Viralnya kasus bullying yang terjadi di antara pelajar sekolah menengah beberapa waktu yang lalu, tentu mengejutkan banyak orang. Terlepas dari pihak mana yang benar dan pihak mana yang salah, setiap orang tua pasti menjadi khawatir. Termasuk saya. Jujur, dengan mencuatnya kasus ini, saya jadi parno.
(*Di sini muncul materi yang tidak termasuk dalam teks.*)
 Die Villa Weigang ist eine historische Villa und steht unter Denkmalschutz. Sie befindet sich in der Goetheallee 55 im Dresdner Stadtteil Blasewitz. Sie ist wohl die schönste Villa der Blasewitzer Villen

Saya takut anak saya kena bully, sekaligus juga takut mereka melakukan bullying.
Bullying di Hidup Saya
Sebuah status dari seorang teman di Facebook yang menanggapi kasus bullying yang tengah terjadi tersebut, tiba-tiba mengingatkan saya pada kejadian beberapa belas tahun silam. Teman FB saya tersebut menyebutkan bahwa beliau, semasa sekolah sering menjadi sasaran bullying. Penyebabnya adalah karena beliau pernah menderita sakit polio, yang akhirnya membuat sebelah kakinya terkena dampak penyakit tersebut.
Benar, membaca status FB-nya, saya jadi merasa tertohok. Sebab saya, mungkin adalah salah satu orang yang pernah melakukan bullying itu. Kepada teman saya yang juga kakinya terkena dampak penyakit polio. Meski cuma ikut-ikutan, dan mungkin cuma 1-2 kali saja sebab setelahnya saya dimarahi mama, saya tetap merasa bersalah. Untungnya, persahabatan saya dengan teman tersebut berjalan baik hingga sekarang. Dan setiap ketemu, pasti saya selalu meminta maaf.
Ada hal yang saya salut dari teman saya yang ketika SD dulu banyak disebut ‘si pincang’ itu. Saat di-bully, dia tak pernah membalasnya. Dia selalu tersenyum setiap kali di-bully. Meski saya tahu dia menerima itu, dalam hatinya, dia pasti sangat sedih. Tapi dia tak menunjukkan itu.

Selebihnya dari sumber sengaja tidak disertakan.